Oje, ich weiß nicht wie ich hier ein Foto hochladen kann. Werde es aber heute Abend denn mal probieren...


----------



## Digicat (9. Juli 2010)

*AW: Pumpe - wie lange laufen lassen?*

Servus Gabi



> Oje, ich weiß nicht wie ich hier ein Foto hochladen kann. Werde es aber heute Abend denn mal probieren...



Steht in meiner Signatur 

Hier kannst testen .......


----------



## Digicat (9. Juli 2010)

*AW: Pumpe - wie lange laufen lassen?*

Ganz vergessen

Sorry


----------



## Christine (9. Juli 2010)

*AW: Pumpe - wie lange laufen lassen?*

[OT] oh Helmut - das ist doch der gleiche wie der hier  .[/OT]


----------



## Digicat (9. Juli 2010)

*AW: Pumpe - wie lange laufen lassen?*

Servus Elschen

[OT]Upps ... was für ein Preisunterschied ...... 

Arg .... :crazy

Habe mir deinen Link gleich abgespeichert [/OT]


----------



## Koi-Uwe (9. Juli 2010)

*AW: Pumpe - wie lange laufen lassen?*

Hallo Gabi,
Geh mal zu einem Koihändler, erzähl ihm was du vor hast und er wird dir das passende dafür geben.
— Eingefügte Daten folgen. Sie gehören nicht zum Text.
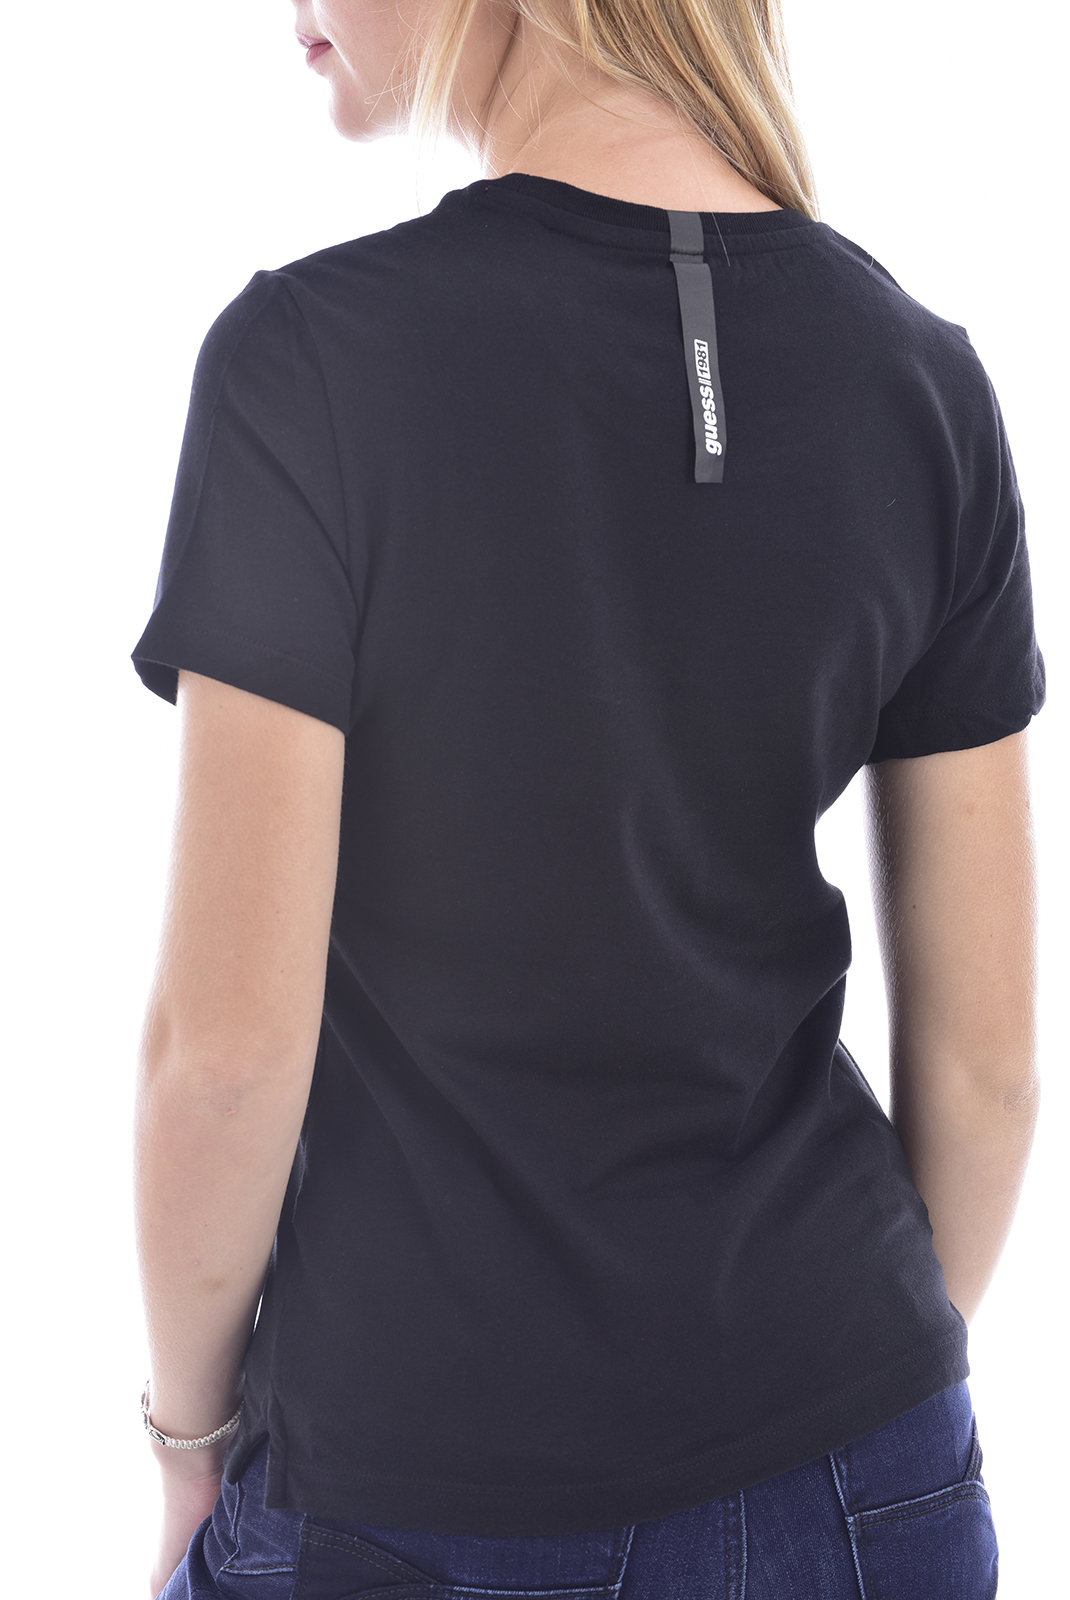 Tee-shirt noir pour femme Guess - W0bi14

Inkl. Reduzierungen und was du sonst noch benötigst


----------



## Duquesa86 (9. Juli 2010)

*AW: Pumpe - wie lange laufen lassen?*







@ Helmut
das ist der Filter, aber ich habe eine andere Pumpe und kein UVC, Der Ausgang ist mit 7 cm angegeben, für diese Größe finde ich aber keinen passenden Kugelhahn....


@ Uwe

ich kenne keinen in unserer Gegend. Werde gleich mal googeln ob es im Raum Stuttgart Koihändler gibt. Bei Kölle-Zoo gibt es sowas auf jeden Fall leider nicht. Dort war ich als 1.

Vielen lieben Dank für eure Hilfe


----------